I was looking for an Anagram module on CPAN: Something that
could read in a dictionary and use that to create simple
anagrams of words with an
anagram($word) function. I
couldn't find anything, so I wrote my own module. I wanted
to submit it to CPAN, but I've never done that before. My
questions are two-fold:
#1: What should I do before submitting the module? I'd like
to set up something that works with
MakeMaker (someone
suggested
h2xs). What about general documentation?
Clearly there is no end to the amount of support you could
give a module, but what's a reasonable lower bound for
supporting this hack?
#2: I've attached the module code and a short script to run
it below. What is stylistically expected from a CPAN
module? How could this code get cleaned up? Are there any
algorithmic changes that would make the code run faster
(or support more than 1 destination word?) (If you're curious, the code parses a
dictionary into a standard tree format and then when anagraming
the words, walks through the tree on a prefix-by-prefix basis.
A few of my variable names suck.
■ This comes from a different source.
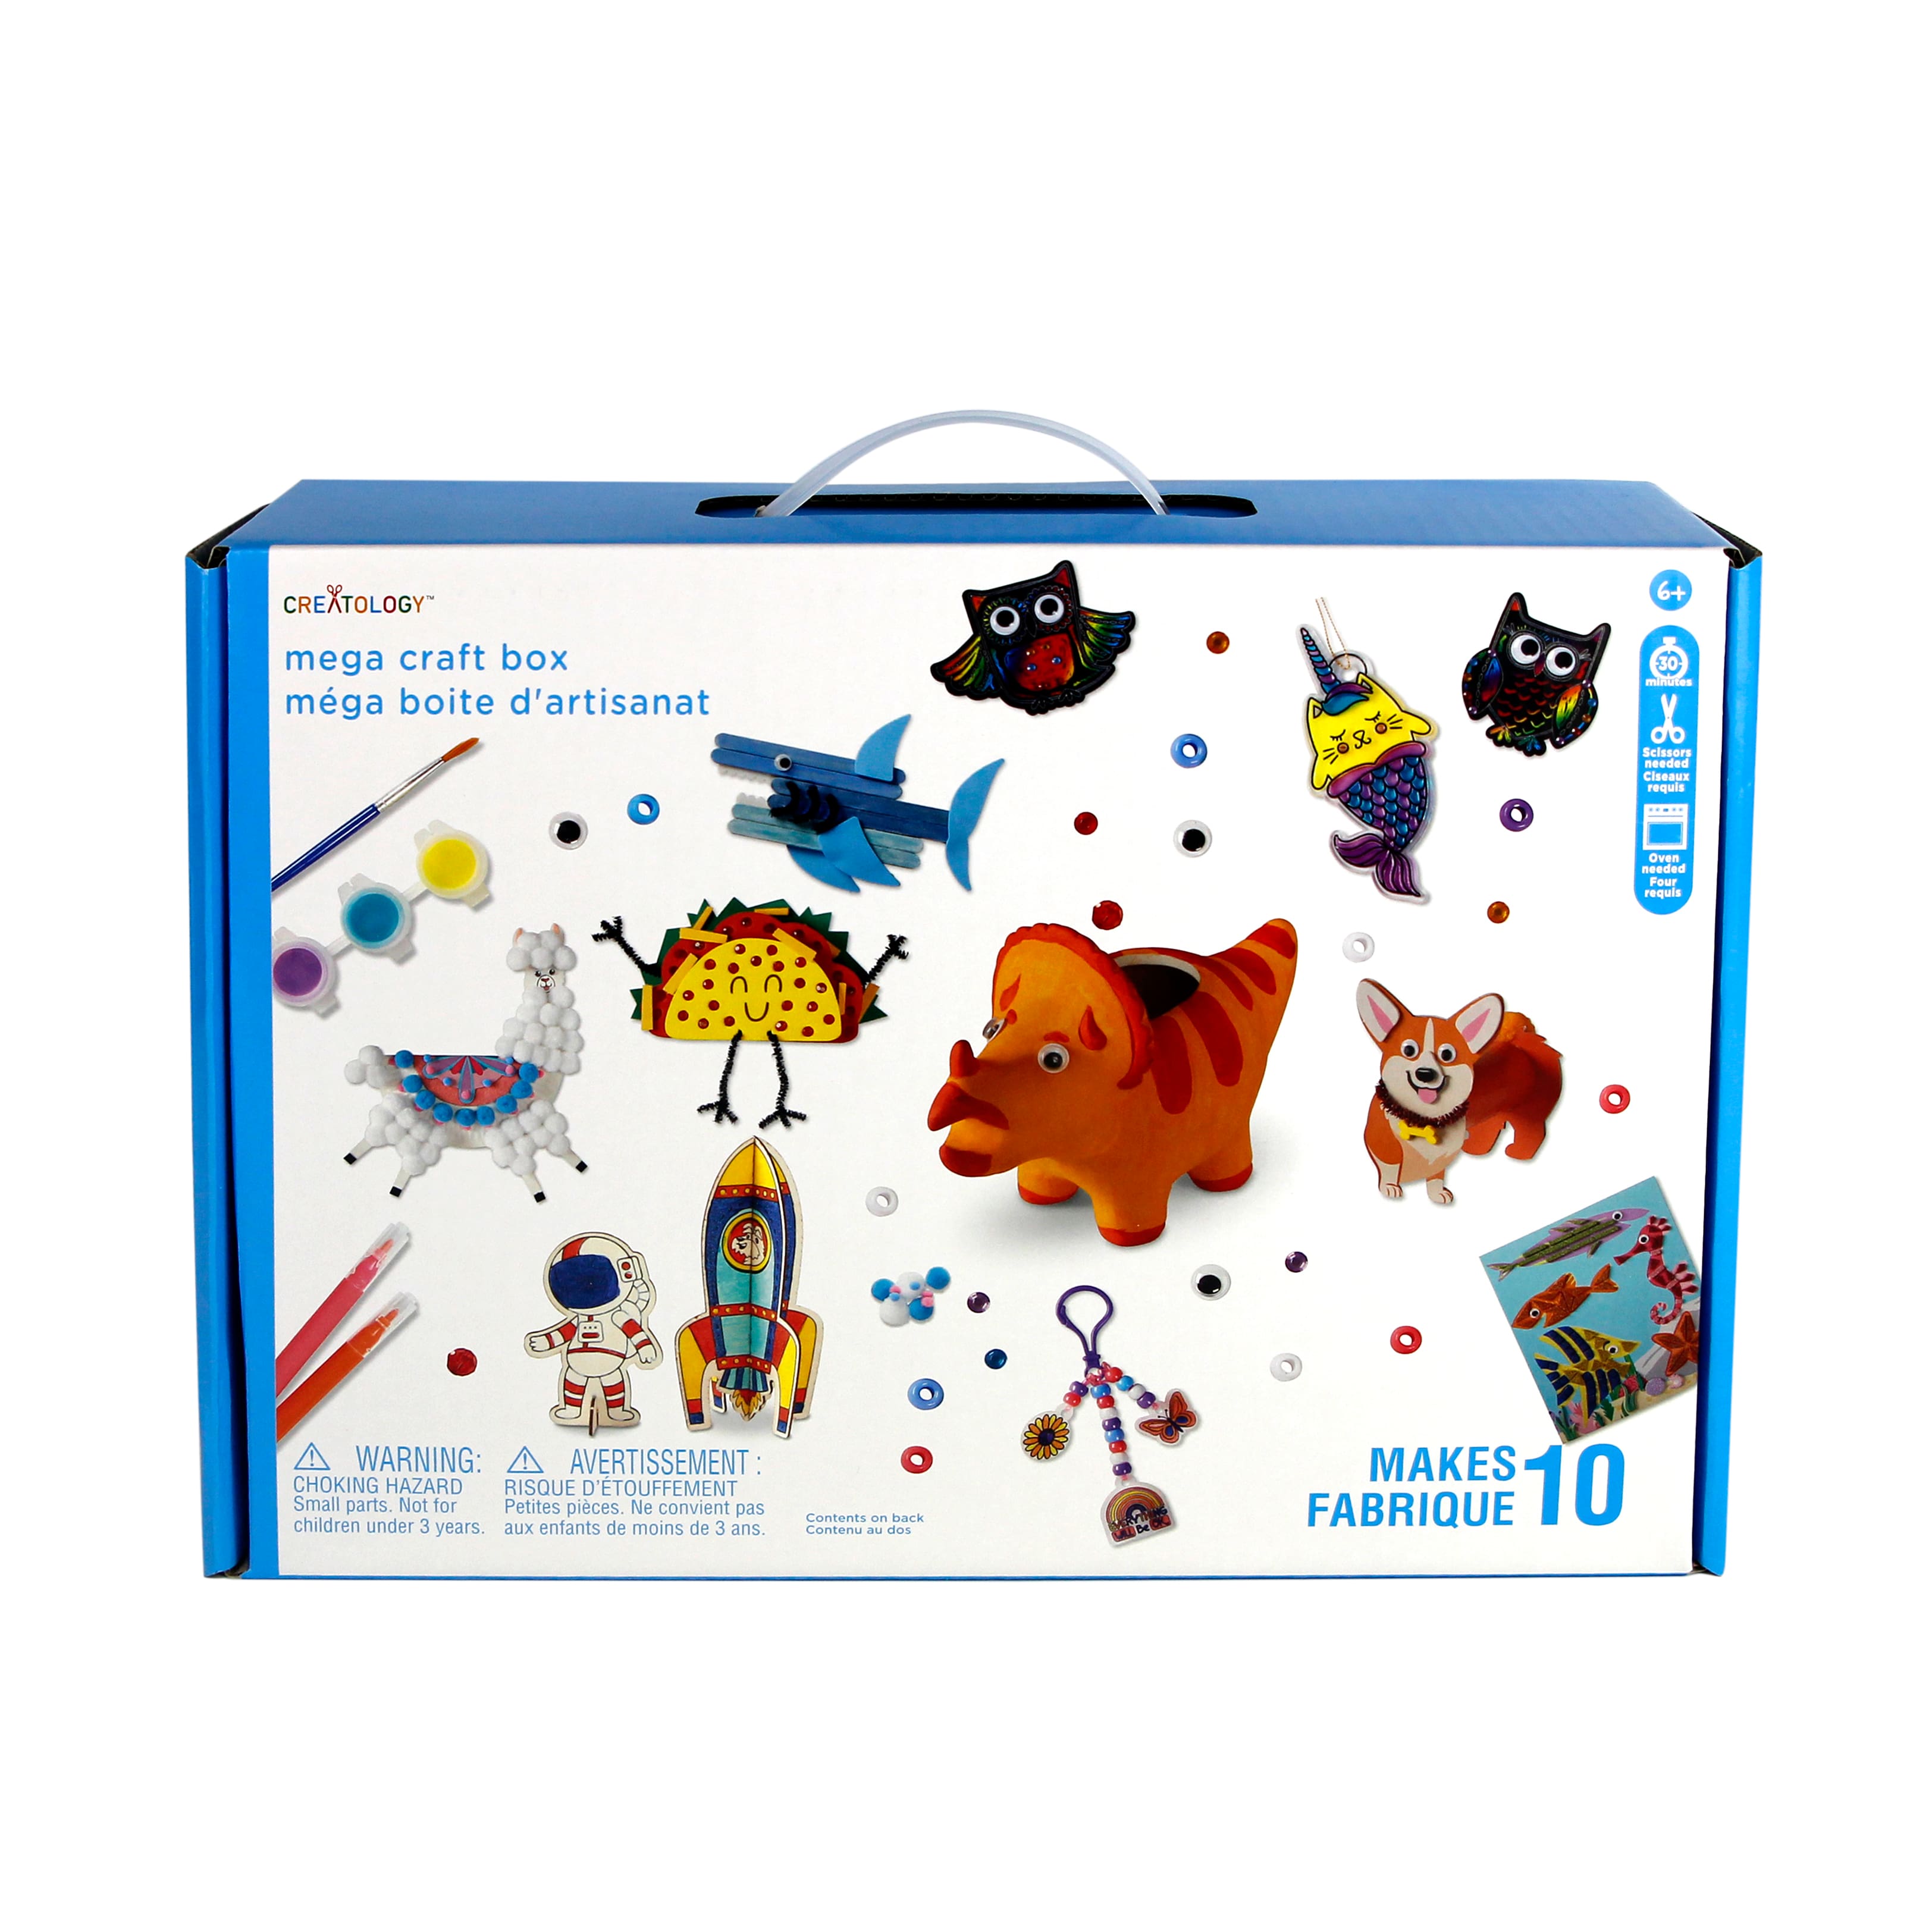 Rainbow Bead Kit Box by Creatology™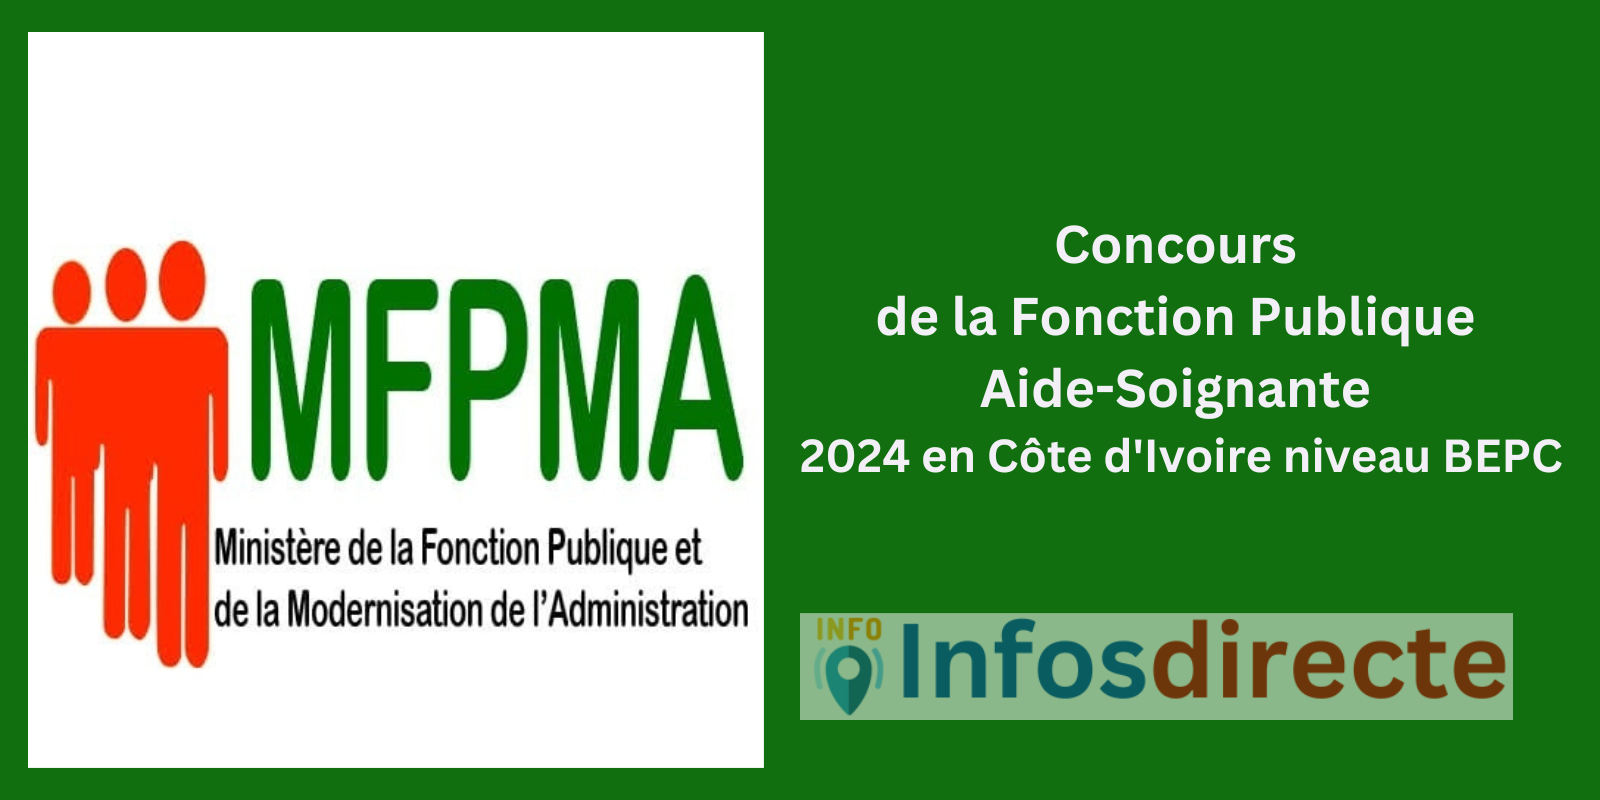 Concours de la Fonction Publique Aide-Soignante 2024 en Côte d'Ivoire niveau BEPC

Let me know if you have
better names than
$sub_table and
$sub_prefix.)
anagram:
#!/usr/bin/perl -w
use strict;
use Anagram;
while (<>) {
chomp;
my $word = $_;
s/\W//g;
my $base = lc;
my @words = grep { $base ne $_ } Anagram::anagram($base);
next unless @words;
print "\nAnagrams of $_:\n";
print " $_\n" foreach @words;
}
Anagram.pm:
use strict;
use Carp;
package Anagram;
@Anagram::EXPORT = qw(anagram is_word starts_word);
BEGIN {
$Anagram::version = "1.0";
$Anagram::dict = {};
open DICT, "</usr/dict/words" or croak("Could not open dictionary:
+ $!");
foreach (<DICT>) {
s/\W//g;
my @letters = split //, lc;
# Insert word into sorted dictionary tree
my $sub_table = $Anagram::dict;
foreach (@letters) {
# Create sub-table if it's missing and then recurse
$sub_table->{$_} = {} if ref($sub_table->{$_}) ne 'HASH';
$sub_table = $sub_table->{$_};
}
# Flag this entry as a valid word
$sub_table->{word} = 1;
}
close DICT;
}
sub version {
my $version = shift;
warn "Version $version is later than $Anagram::version."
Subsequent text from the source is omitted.